Excerpt from Shakespeare: The Merry Wives of Windsor
In the epilogue to 2 Henry IV. a promise had been given to continue the story with Sir John in it; this promise was not kept in Henry V.; and "The Merry Wives," according to a well authenticated tradition, was composed by command of the Queen, "who obliged Shakespeare to write a Play of Sir John Falstaff in Love, and which I am very well assured he performed in a fortnight: a prodigious thing when all is well contrived, and carried on without the least confusion" (Gildon, 1710; Dennis first mentions the tradition in 1702; cp. title-page of 1602 edition).
The date of the first composition of the play may with certainty be placed at about 1600 (probably Christmas, 1599).
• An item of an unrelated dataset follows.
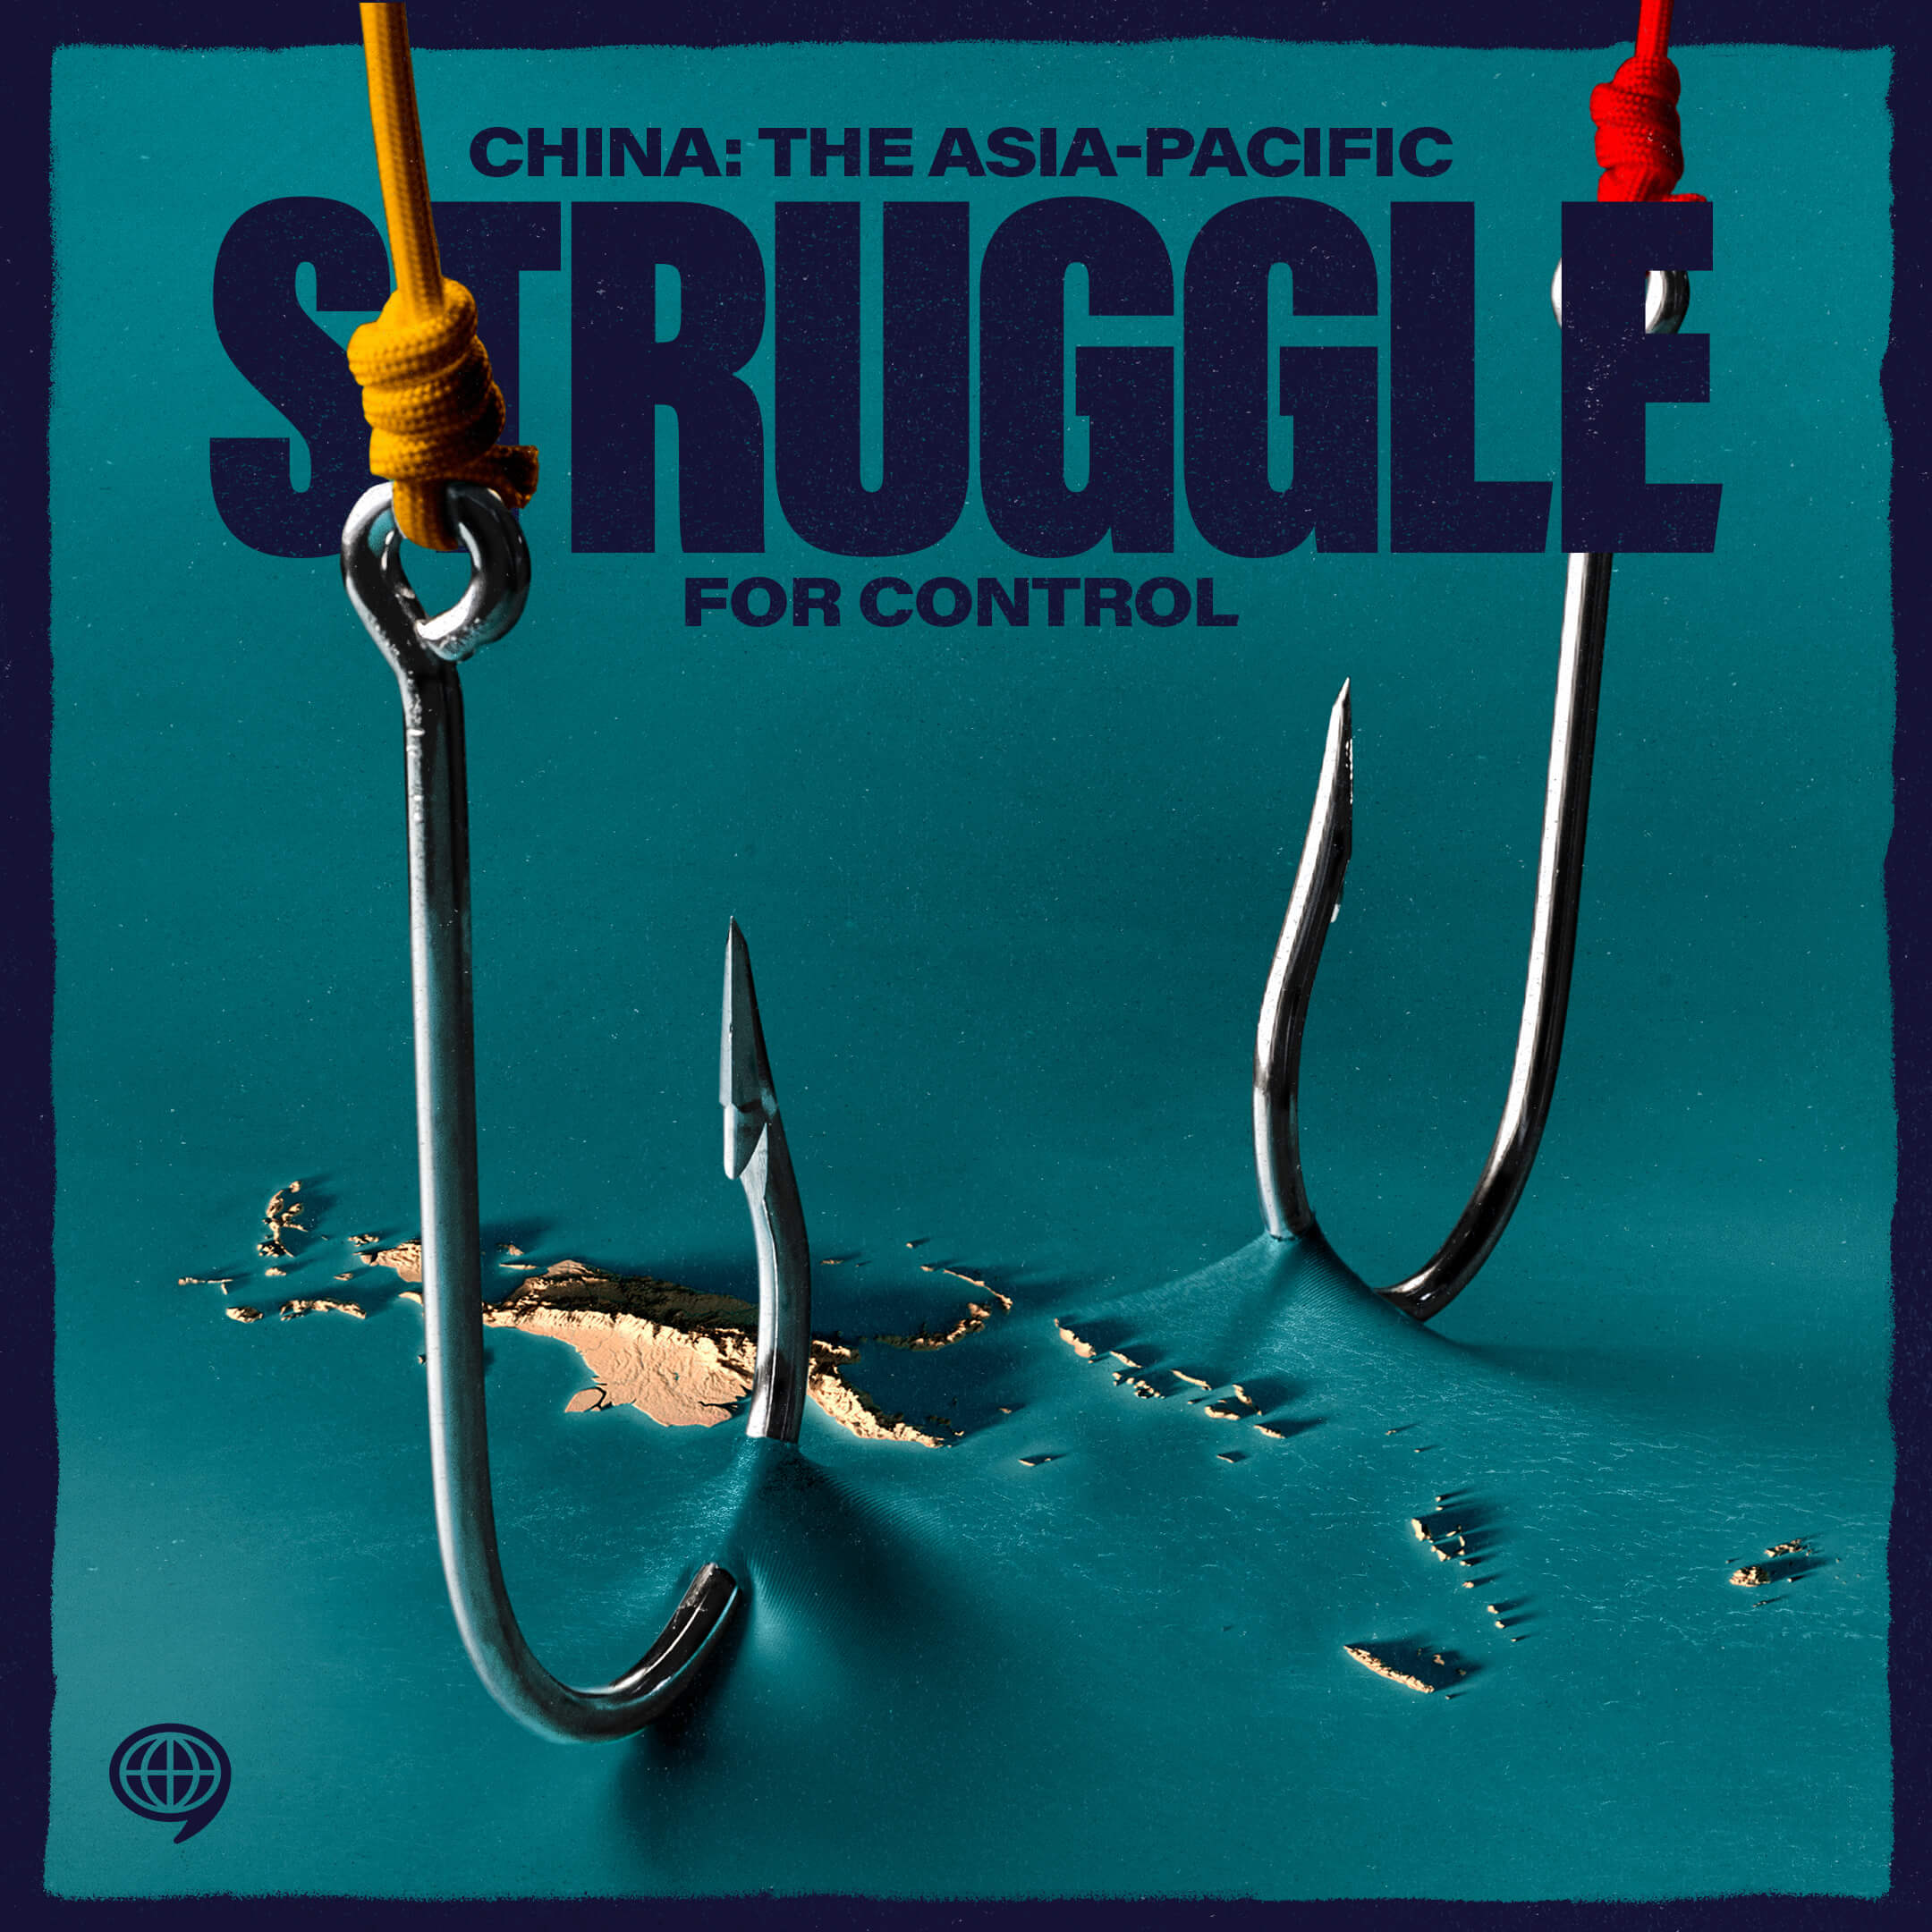 Struggle social image

An old tradition identifies Justice Shallow with Shakespeare's old enemy, Sir Thomas Lucy (of the deer-poaching story); Lucy died in July, 1600, and it is held by some that the Poet would not have waited "till his butt was in the grave before he aimed his shafts at him." At the same time it is noteworthy that the "dozen white luces" is only found in the Folio, not in the Quarto editions. The question at issue, on which scholars are divided, is whether the Quarto represents a pirated edition of an early sketch of the play, revised and enlarged in the first Folio version, or whether both versions are to be referred back to the same original.